Is this something like a religious transformation?  Seen the light?  Heard voices :


----------



## Knobby22 (31 August 2006)

Damn, the big crash must be coming sooner than I thought!

Maybe your picture should be of a koala bear?


----------



## ice (31 August 2006)

You're not alone Wayne.

I believe you can get something to take for it.......but then why would you.   



ice


----------



## RichKid (31 August 2006)

....I always had my suspicions about you Wayne....anyone who sleeps when everyone else is awake and then awakens when everyone else is asleep....and who refers to his bedchamber as a 'crypt'....the evidence mounts....and now, the man with a bear as his avatar, founder of the ASF 'Bears Only' club, says that he is really harbouring an unsatisfied love for bulls?!! .....My oh my, the market surely does shelter some strange beasts within her bosom!!


----------



## GreatPig (31 August 2006)

Hmm... my trading portfolio currently just has one short position (using put warrants). I did take profit on a couple of long positions this morning though.
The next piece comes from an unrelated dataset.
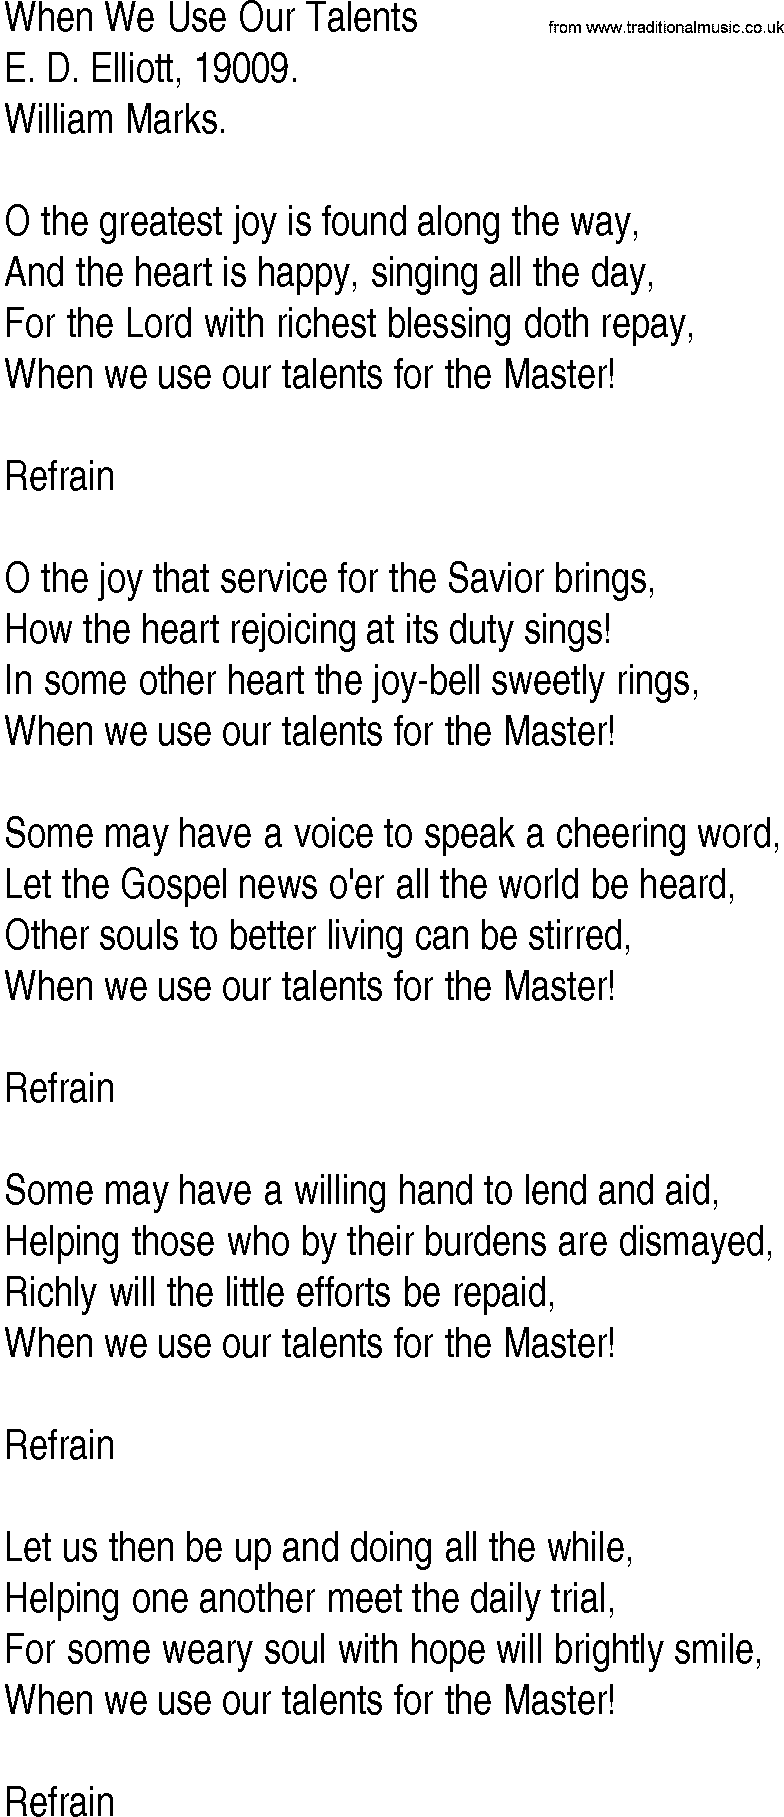 Hymn and Gospel Song: When We Use Our Talents by E D Elliott lyrics
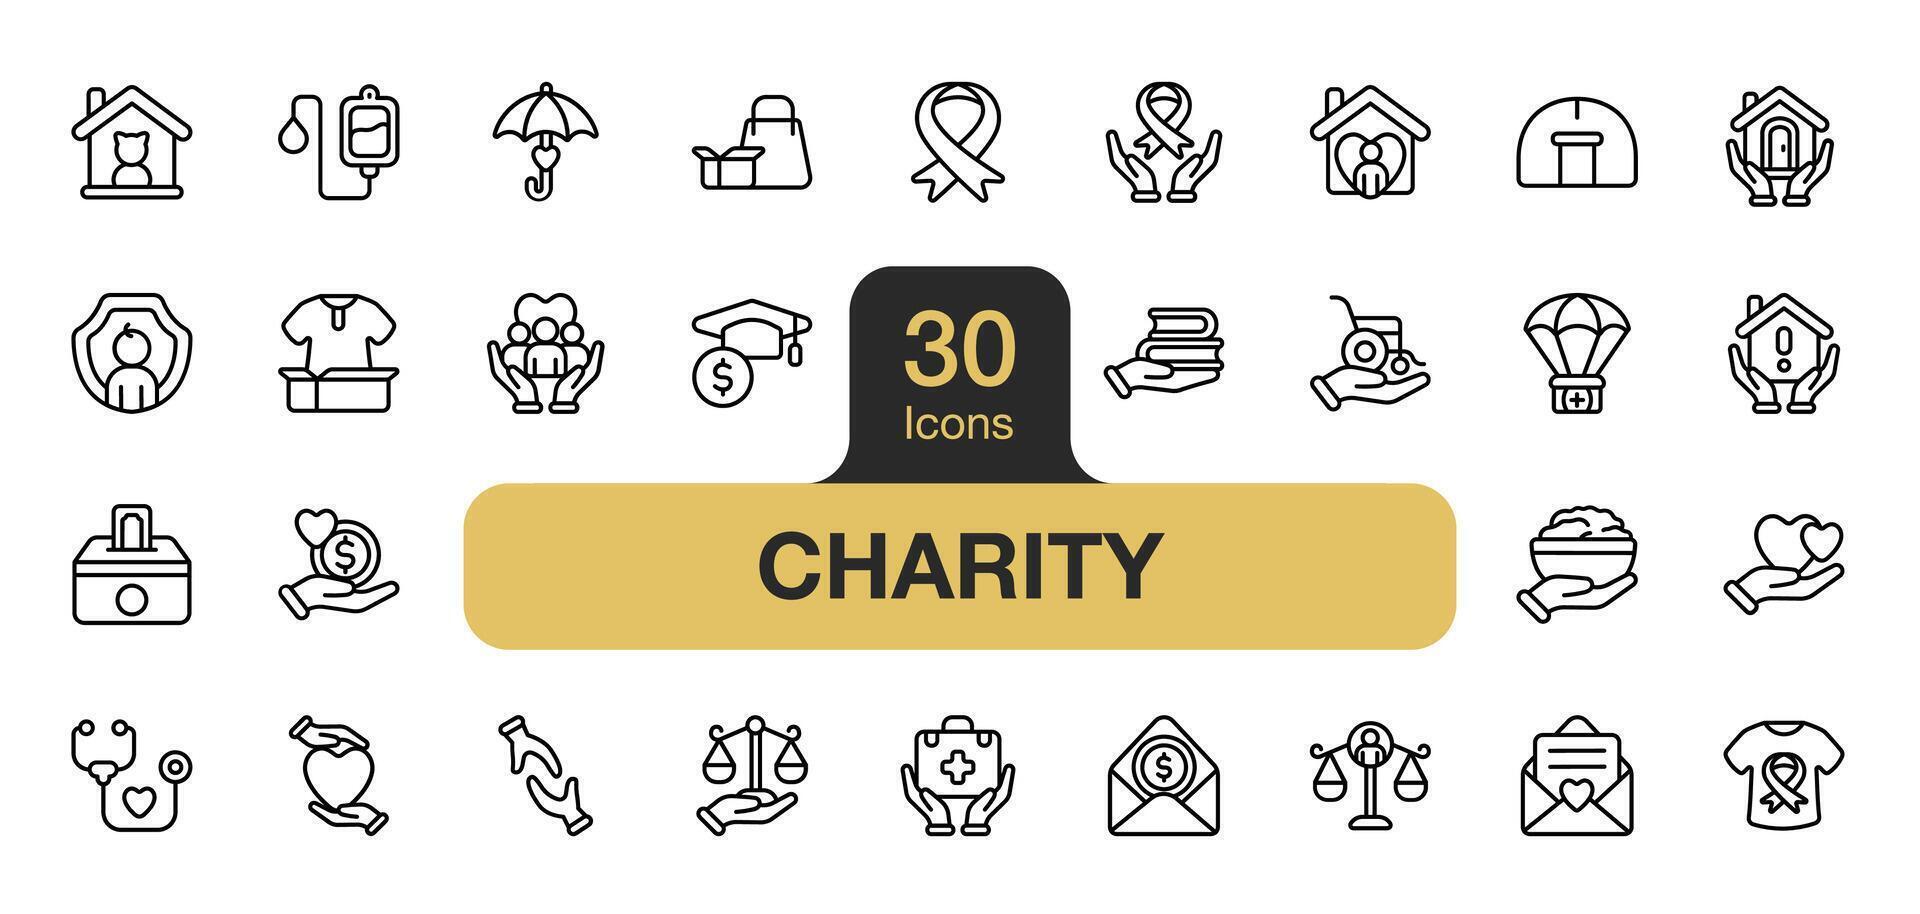 Set of 30 Charity icon element sets. Includes Volunteer, Donation, Sheltering, Charity support, and More. Outline icons vector collection.

And still long a few stocks in my investment portfolio.

GP


----------



## It's Snake Pliskin (31 August 2006)

wayneL said:
			
		

> I was just looking through my positions when the sudden realisation came upon me that every one of them is a long... not a short to be seen anywhere.
> 
> Arrrgghhhh What is happening to me?




Well, I`m a SNAKE : ha,ha,hahahahahhahaha


----------



## wayneL (31 August 2006)

Knobby22 said:
			
		

> Damn, the big crash must be coming sooner than I thought!




LOL Good point. 

Very funny replies peeps! I got a kick out of them


----------



## NettAssets (31 August 2006)

I note that the Bull in the first post has no eyes.

If the bear hadn't done the sitting I would have thought that he was painting me.

John


----------



## wayneL (1 September 2006)

This is actually quite hilarious. As I'm completely unhedged (at the moment) I'm willing the market to go up... praying almost... everything is telling me to put on some -delta  to hedge my exposure. 

But I'm a bull now right? That would be a lack of faith!... Better go watch some Bubblevision! (Bloomberg/CNNNNN et al) LOL


----------



## wayneL (1 September 2006)

Sorry Folks,

Bob Pisani wasn't convincing enough... I just had to take a short


----------



## MichaelD (1 September 2006)

wayneL said:
			
		

> I just had to take a short



Ahhh, the relief is palpable. Just one more drink...errr...short...and I'll go bullish, eh Wayne?


----------



## wayneL (1 September 2006)

MichaelD said:
			
		

> Ahhh, the relief is palpable.




LOL Yes.. Thats better


----------



## dubiousinfo (1 September 2006)

Have you started frequenting bull bars & nightclubs?


----------



## wayneL (1 September 2006)

dubiousinfo said:
			
		

> Have you started frequenting bull bars & nightclubs?




:band


----------